#### Work request:
In this exercise, the data must be written out exactly.

#### Materials provided:
-.-.-

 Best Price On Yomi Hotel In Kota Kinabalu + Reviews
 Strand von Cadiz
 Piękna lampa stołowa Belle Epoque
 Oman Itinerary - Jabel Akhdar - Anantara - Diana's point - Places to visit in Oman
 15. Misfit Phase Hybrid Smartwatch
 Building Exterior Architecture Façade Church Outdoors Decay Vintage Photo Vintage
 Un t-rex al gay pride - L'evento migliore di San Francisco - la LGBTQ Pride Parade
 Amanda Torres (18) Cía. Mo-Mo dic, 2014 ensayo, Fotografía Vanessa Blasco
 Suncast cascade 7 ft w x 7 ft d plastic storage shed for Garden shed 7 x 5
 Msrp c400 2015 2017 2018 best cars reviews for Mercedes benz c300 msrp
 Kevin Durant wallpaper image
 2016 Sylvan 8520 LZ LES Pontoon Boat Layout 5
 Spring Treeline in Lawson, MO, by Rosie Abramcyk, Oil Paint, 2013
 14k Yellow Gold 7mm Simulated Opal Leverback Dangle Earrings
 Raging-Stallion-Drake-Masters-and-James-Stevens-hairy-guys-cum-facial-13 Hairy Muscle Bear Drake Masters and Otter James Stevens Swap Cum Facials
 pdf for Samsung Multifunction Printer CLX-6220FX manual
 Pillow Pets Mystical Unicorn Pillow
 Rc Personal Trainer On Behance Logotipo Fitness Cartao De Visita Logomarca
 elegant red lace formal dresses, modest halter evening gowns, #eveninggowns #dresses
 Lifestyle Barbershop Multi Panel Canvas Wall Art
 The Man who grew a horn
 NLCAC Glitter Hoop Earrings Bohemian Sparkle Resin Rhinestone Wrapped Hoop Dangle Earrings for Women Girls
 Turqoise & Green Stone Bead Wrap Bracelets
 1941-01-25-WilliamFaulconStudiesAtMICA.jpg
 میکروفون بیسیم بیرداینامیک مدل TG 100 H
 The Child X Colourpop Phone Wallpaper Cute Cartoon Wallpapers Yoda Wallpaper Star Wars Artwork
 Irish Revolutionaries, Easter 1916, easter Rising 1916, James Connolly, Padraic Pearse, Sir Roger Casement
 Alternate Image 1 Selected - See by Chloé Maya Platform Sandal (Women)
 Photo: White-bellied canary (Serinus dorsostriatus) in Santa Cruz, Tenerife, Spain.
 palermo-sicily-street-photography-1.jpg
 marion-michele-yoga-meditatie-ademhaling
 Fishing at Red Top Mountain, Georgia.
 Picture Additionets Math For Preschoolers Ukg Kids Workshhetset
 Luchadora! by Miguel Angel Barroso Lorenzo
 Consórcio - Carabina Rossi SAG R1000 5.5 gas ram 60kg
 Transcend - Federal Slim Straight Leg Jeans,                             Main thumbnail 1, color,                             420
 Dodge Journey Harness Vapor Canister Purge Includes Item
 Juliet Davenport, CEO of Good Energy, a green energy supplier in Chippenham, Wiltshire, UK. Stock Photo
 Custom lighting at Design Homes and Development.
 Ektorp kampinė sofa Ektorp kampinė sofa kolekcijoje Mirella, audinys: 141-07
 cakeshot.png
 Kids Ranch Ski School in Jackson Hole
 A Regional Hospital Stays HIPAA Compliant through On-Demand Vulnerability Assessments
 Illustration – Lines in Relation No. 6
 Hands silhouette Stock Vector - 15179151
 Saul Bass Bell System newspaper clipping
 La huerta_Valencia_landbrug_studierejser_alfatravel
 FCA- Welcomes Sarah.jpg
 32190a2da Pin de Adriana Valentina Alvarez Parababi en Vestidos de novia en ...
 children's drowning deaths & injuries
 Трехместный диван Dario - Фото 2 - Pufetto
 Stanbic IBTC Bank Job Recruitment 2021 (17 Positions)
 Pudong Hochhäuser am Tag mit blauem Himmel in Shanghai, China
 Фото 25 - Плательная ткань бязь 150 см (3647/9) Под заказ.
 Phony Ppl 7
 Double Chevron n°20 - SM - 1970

-.-.-

#### Exercise output:
 Best Price On Yomi Hotel In Kota Kinabalu + Reviews
 Strand von Cadiz
 Piękna lampa stołowa Belle Epoque
 Oman Itinerary - Jabel Akhdar - Anantara - Diana's point - Places to visit in Oman
 15. Misfit Phase Hybrid Smartwatch
 Building Exterior Architecture Façade Church Outdoors Decay Vintage Photo Vintage
 Un t-rex al gay pride - L'evento migliore di San Francisco - la LGBTQ Pride Parade
 Amanda Torres (18) Cía. Mo-Mo dic, 2014 ensayo, Fotografía Vanessa Blasco
 Suncast cascade 7 ft w x 7 ft d plastic storage shed for Garden shed 7 x 5
 Msrp c400 2015 2017 2018 best cars reviews for Mercedes benz c300 msrp
 Kevin Durant wallpaper image
 2016 Sylvan 8520 LZ LES Pontoon Boat Layout 5
 Spring Treeline in Lawson, MO, by Rosie Abramcyk, Oil Paint, 2013
 14k Yellow Gold 7mm Simulated Opal Leverback Dangle Earrings
 Raging-Stallion-Drake-Masters-and-James-Stevens-hairy-guys-cum-facial-13 Hairy Muscle Bear Drake Masters and Otter James Stevens Swap Cum Facials
 pdf for Samsung Multifunction Printer CLX-6220FX manual
 Pillow Pets Mystical Unicorn Pillow
 Rc Personal Trainer On Behance Logotipo Fitness Cartao De Visita Logomarca
 elegant red lace formal dresses, modest halter evening gowns, #eveninggowns #dresses
 Lifestyle Barbershop Multi Panel Canvas Wall Art
 The Man who grew a horn
 NLCAC Glitter Hoop Earrings Bohemian Sparkle Resin Rhinestone Wrapped Hoop Dangle Earrings for Women Girls
 Turqoise & Green Stone Bead Wrap Bracelets
 1941-01-25-WilliamFaulconStudiesAtMICA.jpg
 میکروفون بیسیم بیرداینامیک مدل TG 100 H
 The Child X Colourpop Phone Wallpaper Cute Cartoon Wallpapers Yoda Wallpaper Star Wars Artwork
 Irish Revolutionaries, Easter 1916, easter Rising 1916, James Connolly, Padraic Pearse, Sir Roger Casement
 Alternate Image 1 Selected - See by Chloé Maya Platform Sandal (Women)
 Photo: White-bellied canary (Serinus dorsostriatus) in Santa Cruz, Tenerife, Spain.
 palermo-sicily-street-photography-1.jpg
 marion-michele-yoga-meditatie-ademhaling
 Fishing at Red Top Mountain, Georgia.
 Picture Additionets Math For Preschoolers Ukg Kids Workshhetset
 Luchadora! by Miguel Angel Barroso Lorenzo
 Consórcio - Carabina Rossi SAG R1000 5.5 gas ram 60kg
 Transcend - Federal Slim Straight Leg Jeans,                             Main thumbnail 1, color,                             420
 Dodge Journey Harness Vapor Canister Purge Includes Item
 Juliet Davenport, CEO of Good Energy, a green energy supplier in Chippenham, Wiltshire, UK. Stock Photo
 Custom lighting at Design Homes and Development.
 Ektorp kampinė sofa Ektorp kampinė sofa kolekcijoje Mirella, audinys: 141-07
 cakeshot.png
 Kids Ranch Ski School in Jackson Hole
 A Regional Hospital Stays HIPAA Compliant through On-Demand Vulnerability Assessments
 Illustration – Lines in Relation No. 6
 Hands silhouette Stock Vector - 15179151
 Saul Bass Bell System newspaper clipping
 La huerta_Valencia_landbrug_studierejser_alfatravel
 FCA- Welcomes Sarah.jpg
 32190a2da Pin de Adriana Valentina Alvarez Parababi en Vestidos de novia en ...
 children's drowning deaths & injuries
 Трехместный диван Dario - Фото 2 - Pufetto
 Stanbic IBTC Bank Job Recruitment 2021 (17 Positions)
 Pudong Hochhäuser am Tag mit blauem Himmel in Shanghai, China
 Фото 25 - Плательная ткань бязь 150 см (3647/9) Под заказ.
 Phony Ppl 7
 Double Chevron n°20 - SM - 1970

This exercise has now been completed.